Мне могут возразить, что брак с матерью сына поправит все дело. А если мать умерла или недостойна носить имя порядочного человека? Тогда сын отвечает за ее проступки и на него обрушиваются невзгоды? Не думают ли законодатели уменьшить число незаконных детей, определив им печальную участь? Какое заблуждение! Мужчина, в эгоизме своих увлечений, не думает о последствиях и в большинстве случаев оставляет таковые тяготеть на плечах своей слабой сообщницы. А ее защищает закон? Ничуть не бывало! Ей остается: самоубийство, детоубийство, воспитательный дом или горькая участь воспитывать своего ребенка, страдая за него, а иногда, самое ужасное, видеть в нем своего же собственного строгого судью!..
Взгляните же в глаза таким ненормальностям и ужаснитесь! Защитите женщину, возложите на мужчину часть ответственности за детей, произведенных им на свет, — и вы увидите, что цифра прекрасных соблазнителей и ловеласов уменьшится.
Повторяю, вопрос интересный: кто его разрешит, тот обессмертит себя.
Однако такие нравственные толчки и непосильная умственная работа повлияли на мое здоровье и даже на рассудок.
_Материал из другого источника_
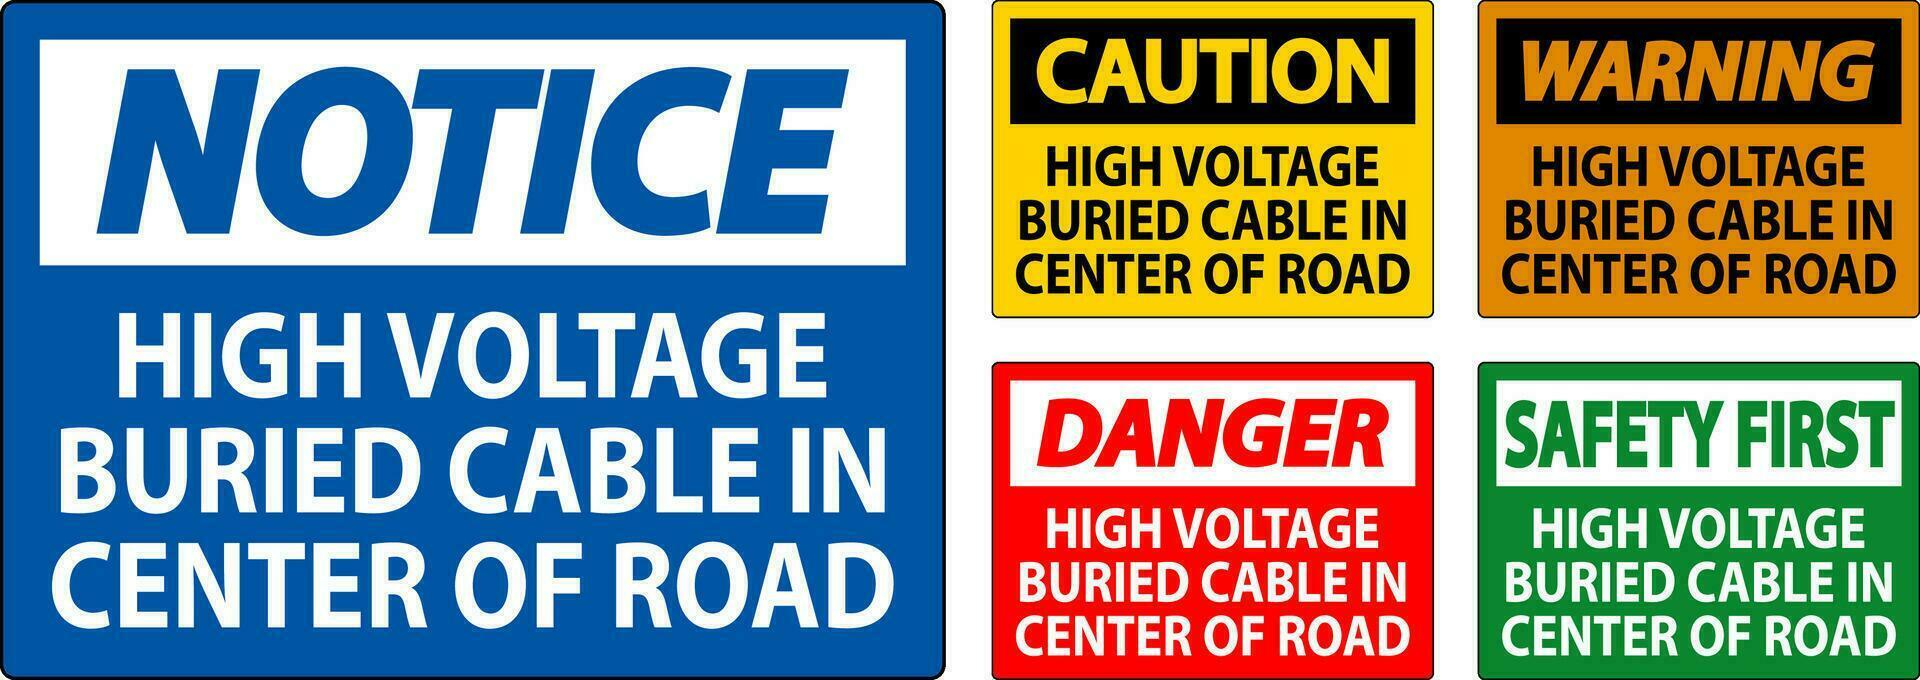 Danger Sign High Voltage Buried Cable In Center Of Road vector
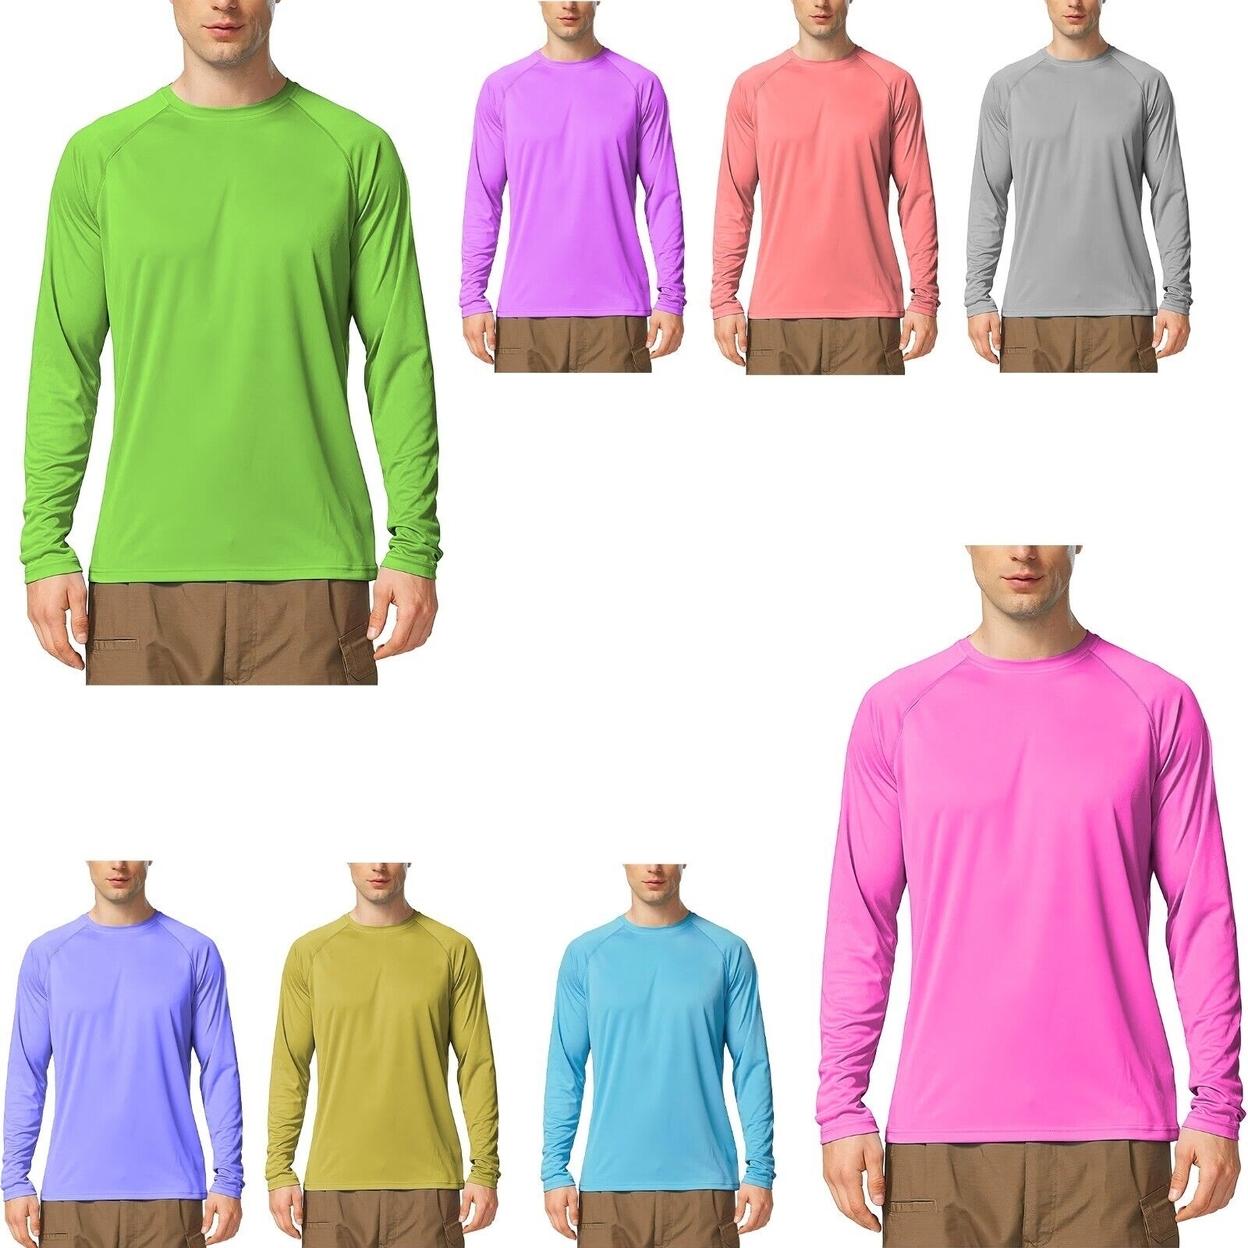 Multi-Pack: Men's Dri-Fit Moisture Wicking Athletic Cool Performance Slim Fit Long Sleeve T-Shirts - 3-pack, X-large

Мне необходимо было излить кому-нибудь мою душу, попросить совета.
Я выбрал священника, преподававшего мне закон Божий, рассказал ему все мои горести и просил его помощи. Аббат Олет начал говорить мне о страданиях Спасителя, в сравнении с которыми, прибавлял он, мои огорчения ничтожны; советовал непрестанно думать об этом и со смирением переносить гонения.
Воображение мое, и без того раздраженное, с радостью ухватилось за это утешение, и я без труда пришел к заключению, что мне предназначено самим небом быть жертвой, что это моя таинственная миссия.
«Так, так! — говорил я себе в экстазе, работая в садике. — Я Божие дитя! Люди будут преследовать меня, как и Его! Они не ведают, что творят. Быть может, убьют меня со временем… Я унаследую Царство небесное…
Экзальтация моя не знала пределов: я расспрашивал аббата, плакал, молился, жаждал мученичества.